It was actually pretty low effort. To your point about taking calls in the stockroom, I was taking these investor calls running up from the warehouse in the middle of the staff room or the stock room and just doing our best. It does make it easier if you ultimately have investors looking for traction. Particularly in consumer companies, they want traction more than anything. It was actually a relatively painless experience although it was still quite painful given that we had a lot of other urgent things on the list.

As rounds go, it really wasn’t that bad. Of course, everything was on Zoom, which means you’re absolutely right. You can pitch investors from around the world. It makes absolutely no difference.

[00:26:54] Matt Clifford: Initially, many people were skeptical that Zoom could replace the sort of rapport you can build so much more easily from in-person meetings. However, this hasn’t stopped our founders. In fact, Matt believes that virtual meetings have made raising capital easier for him.

[00:27:06] Matt Wilson: I think doing stuff on Zoom makes things actually way easier. I mean, I ran another venture-backed company before Omnipresent. It’s also nice to meet people now if you can. I do like to meet people, especially if you’re going to be potentially having somebody join the board. It’s nice to meet somebody in person. Being able to handle most of the process virtually just makes things so much more efficient. I remember at our seed round, we were raising our seed round those first few weeks of the pandemic I was talking about earlier.

I think I was doing eight or nine pitches a day for that seed round. We were able to really cram that into a short period of time, which is good for the company. You get in front of more investors. You get more competition. I think one thing is that we’ve been balancing is in an environment where there is capital fairly readily available for companies that are growing fast, choosing the right speed to deploy the capital, acting in a way that is growing a business fast enough but not in a way that’s developing a culture and a muscle memory for being wasteful, I think that’s something that requires being deliberate, really focusing.

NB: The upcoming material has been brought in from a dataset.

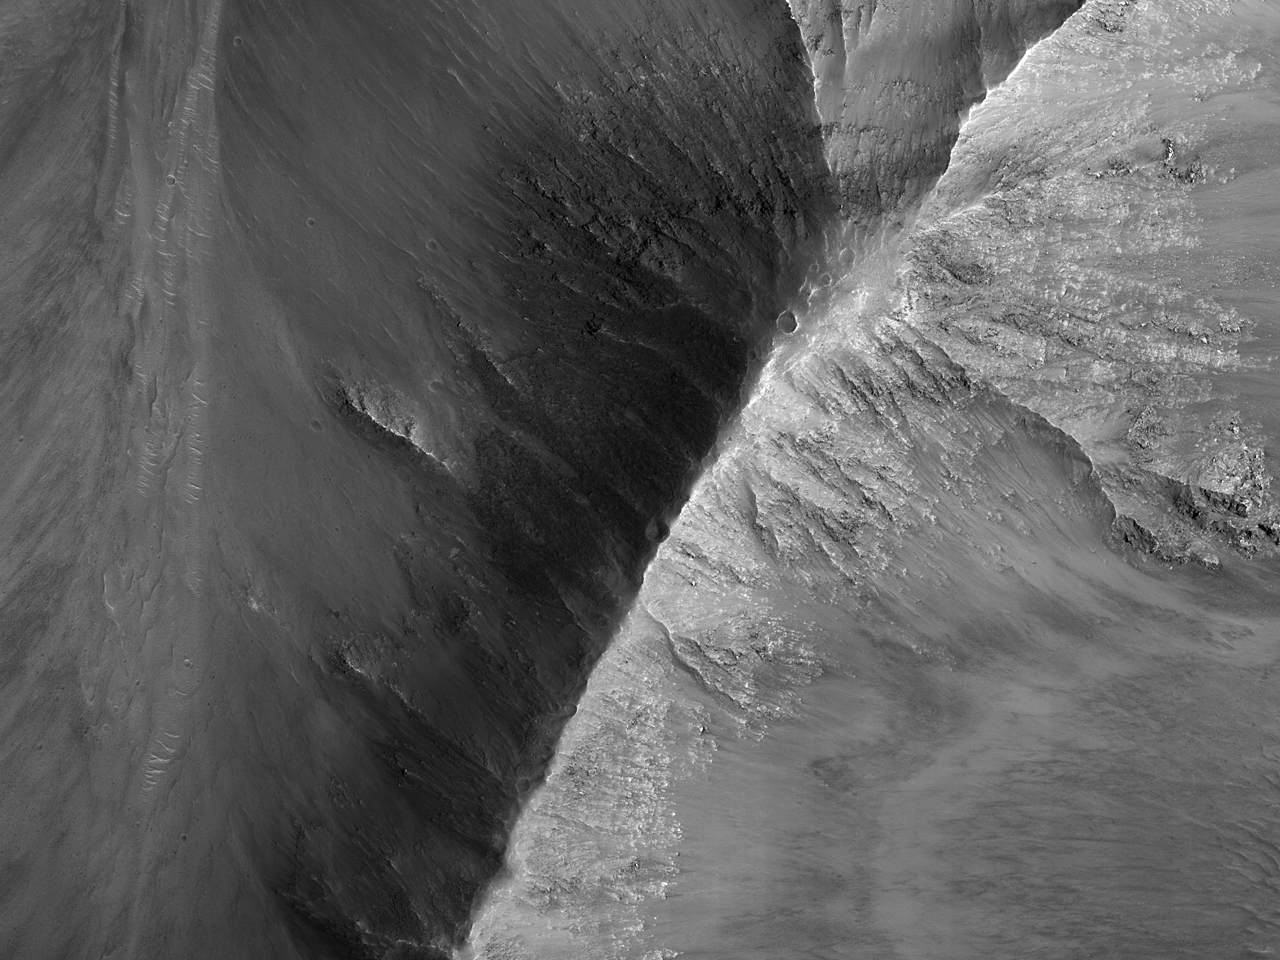 Склоны горного хребта в каньоне Coprates Chasma
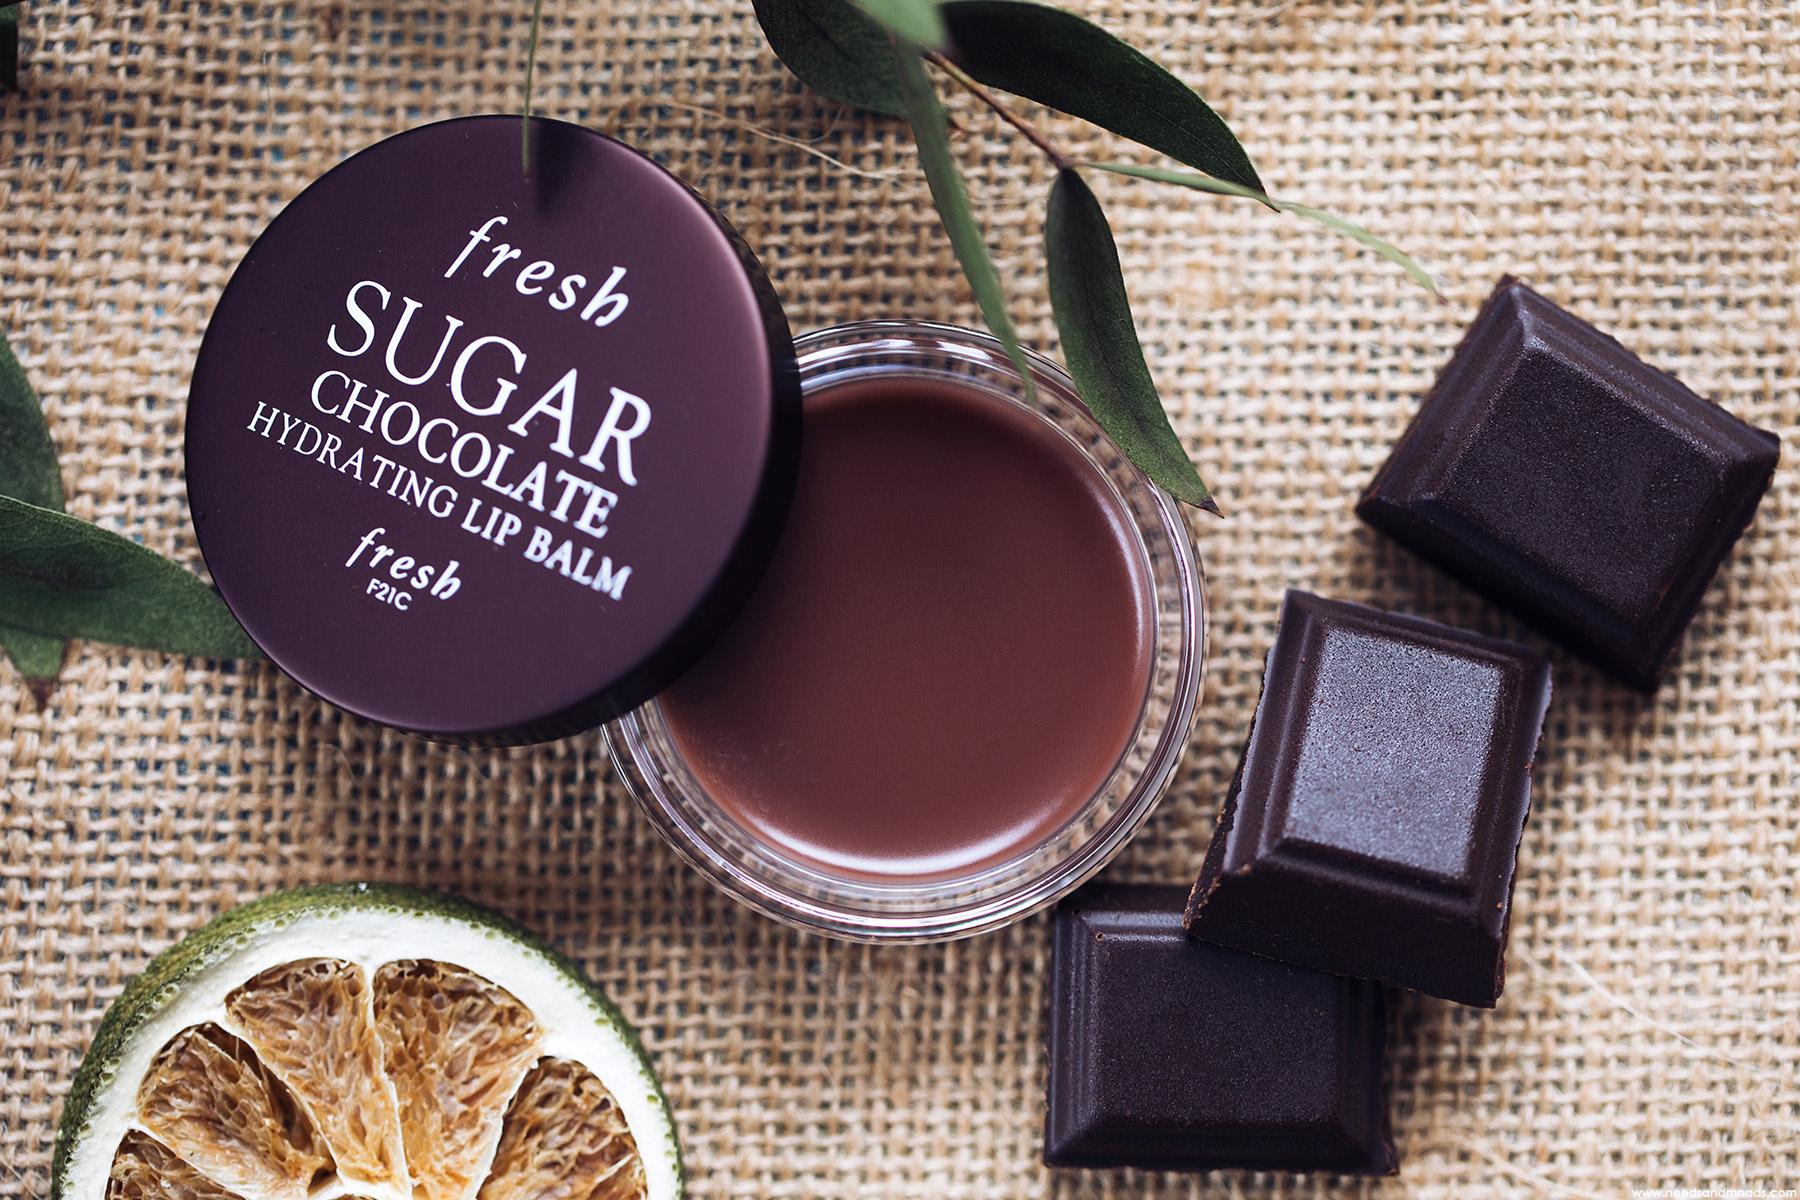 fresh sugar baume levres chocolat

While there may be investors that don’t necessarily– When there’s money flying around, there are companies that are raising that aren’t necessarily being built on great fundamentals. You can’t build a business that’s not built on good fundamentals. You’re just on a fool’s errand. The chickens are going to come home to roost at some point. Really thinking, what are we building? How do we build it in a way that’s sustainable? How do we leverage the capital that is available to grow faster?

How do we invest in the right areas? Which areas is it okay to be inefficient in for the short term? Which areas do we really want to make sure that we’re proving out the efficiency of the model? It does open up new possibilities. It also opens up some dangers as well. Again, it’s probably one of those nice problems to have. It can still be a problem. If you end up getting into bad habits, you end up not really thinking fundamentally about things that are really going to drive success long term.

I think it, of course, can lead to some relatively short-term thinking as well, where it’s like, “Oh, we’re raising every six months. Let’s just get the metrics in a good place for what they look like for investors rather than let’s really work on these core things that are going to have a three to five-year payoff rather than a six months payoff.”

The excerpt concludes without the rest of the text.